The Stelling Lab uses solution state bioanalytical methods, with a focus on vibrational spectroscopy, to probe molecular interactions in proteins and nucleic acids.

Exploiting the Dynamic Potential of S-adenosylmethionine (SAM)

S-adenosyl-L-methionine (SAM) is an abundant small biomolecule used by methyltransferases, a class of important drug targets, to regulate a wide range of essential
cellular processes such as gene expression, cell signaling, protein functions, etc. Despite considerable effort, there remain many specificity challenges associated with designing small molecule inhibitors for methyltransferases, most of which exhibit off-target effects . Interestingly, NMR evidence suggests that SAM undergoes conformeric exchange between a number of states under equilibrium conditions when it is free in solution . If multiple
conformers of SAM are populated when it is bound within enzyme active sites, as it appears to be when free in solution, these alternate conformers of SAM might provide promising, unique structural leads that can be exploited to increase an inhibitor’s specificity for a particular methyltransferase; provided different binding sites each promotes structurally unique conformers specific to their active sites.

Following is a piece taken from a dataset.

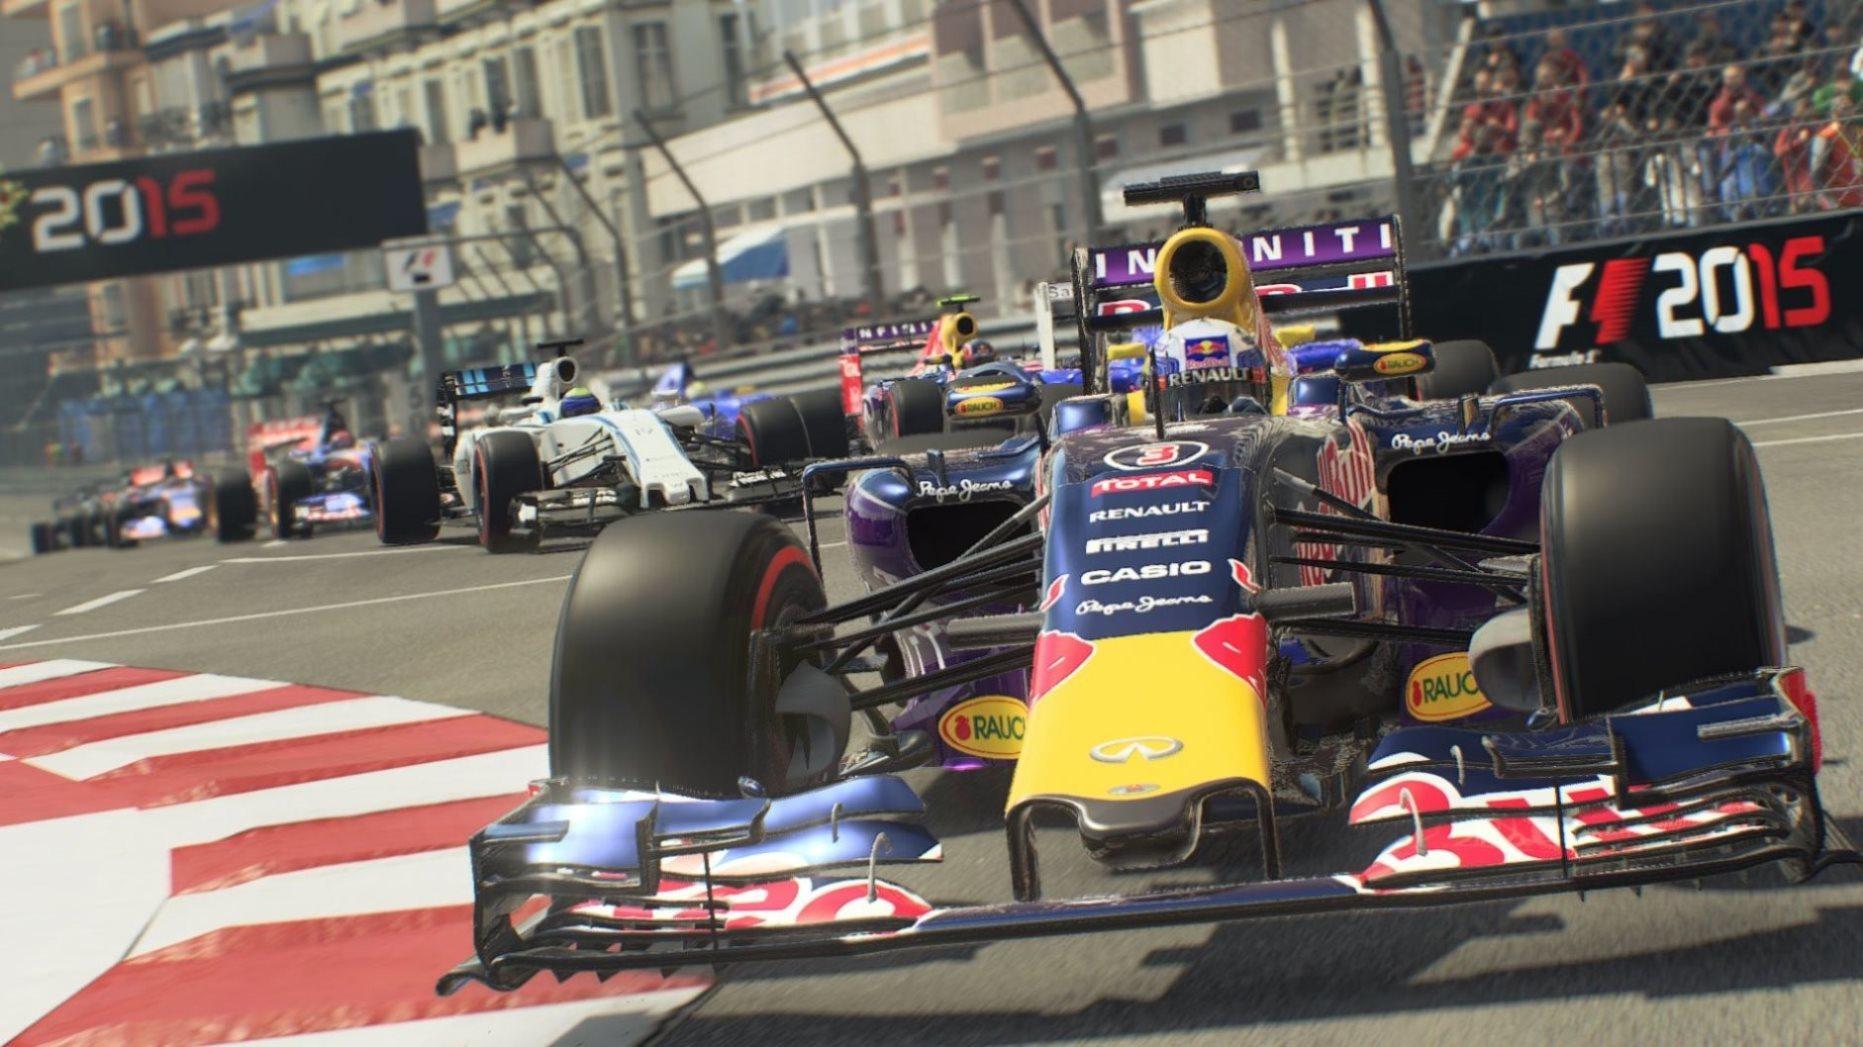 F1 2015 Review Screenshot 1

Vibrations of SAM, which can be detected with infrared spectroscopy, can be used as probes to detect the potentially broad number of geometrically reasonable conformations the molecule can adopt when it is free in solution and serve to further validate the structural models that were found to be consistent with the solution state NMR evidence. These internal atomic motions canalso serve as useful probes of the location and magnitude of interactions (e.g., hydrogen bonds) to the molecule once the detected frequencies are assigned to specific atoms in SAM’s
structure

Probing the thermodynamics and confirmation of an individual A-T base pair in DNA duplexes.

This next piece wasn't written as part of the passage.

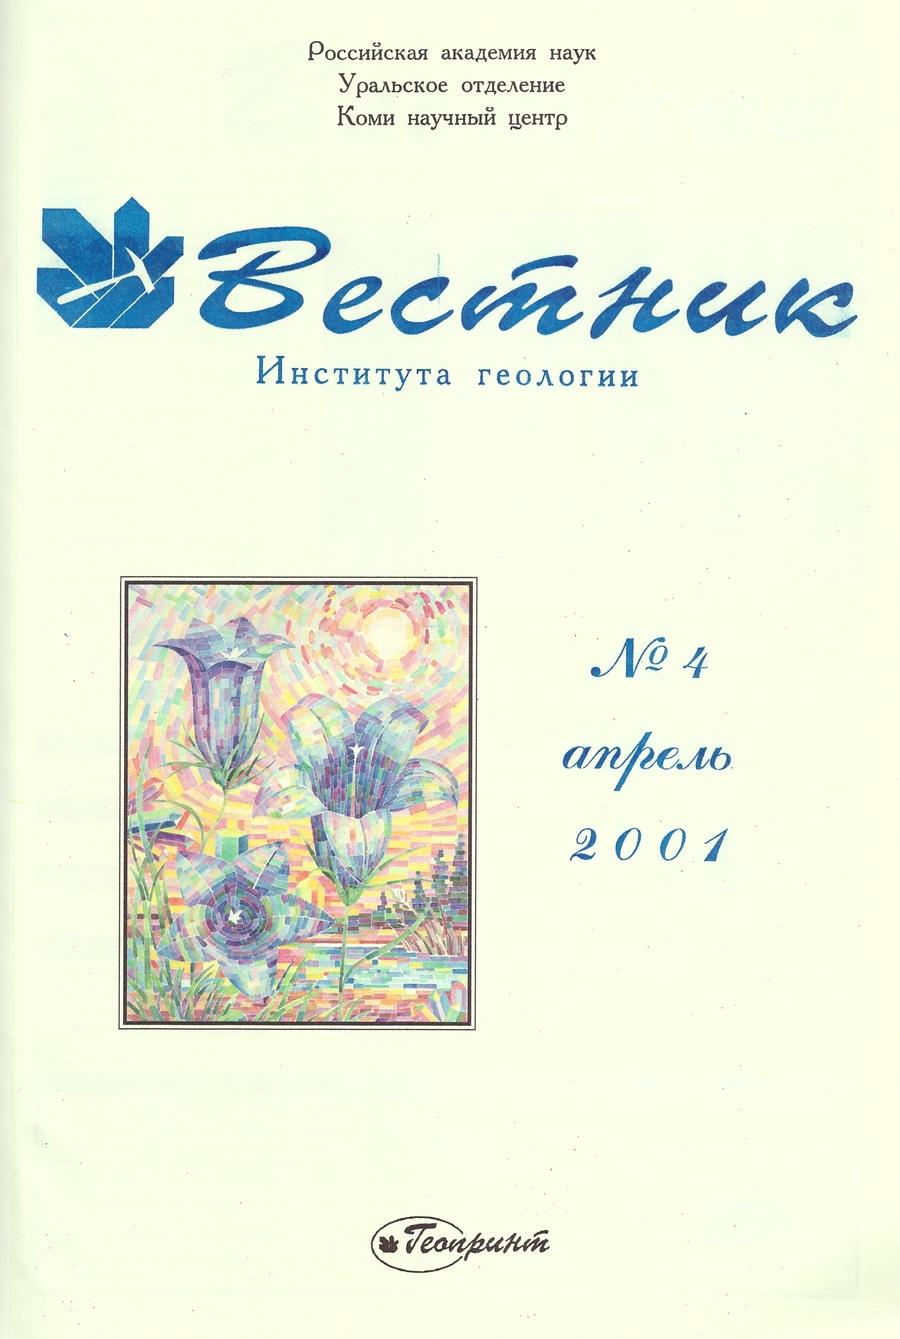 № 76, апрель

Individual hydrogen bonds (H-bonds) between base pairs are important for essential processes, such as DNA replication DNA mismatch repair, and DNA-protein recognition. In DNA replication, the hydrogen bonding pattern in Watson-Crick base pairing is required for DNA polymerase to accurately replicate the genetic information contained in the sequences. These H-bonds are required to be strong enough to preserve duplex structure but weak enough to allow opening of the strands for transcription, replication, and protein recognition. Recent studies on resonance assistance have been proposed to be important in determining the binding energies of the weak interactions, H-bonds, that are formed between the fundamental chemical units of genetic information, the DNA base pairs. The complementary H-bonds formed by adenine-thymine (A-T) and guanine-cytosine (G-C) base pairs in duplex DNA are of critical importance to both its structure; and the ability of proteins and drugs to achieve sequence-specific recognition. Here, we followed up on our previous works using isotope editing on T 13C2=O to extract T C2=O signals from thymine bases in DNA duplexes with various chemically modified A sites and perform hydrogen-deuterium exchange experiments to pinpoint the possible resonance stabilization (enol-keto) forms of T base.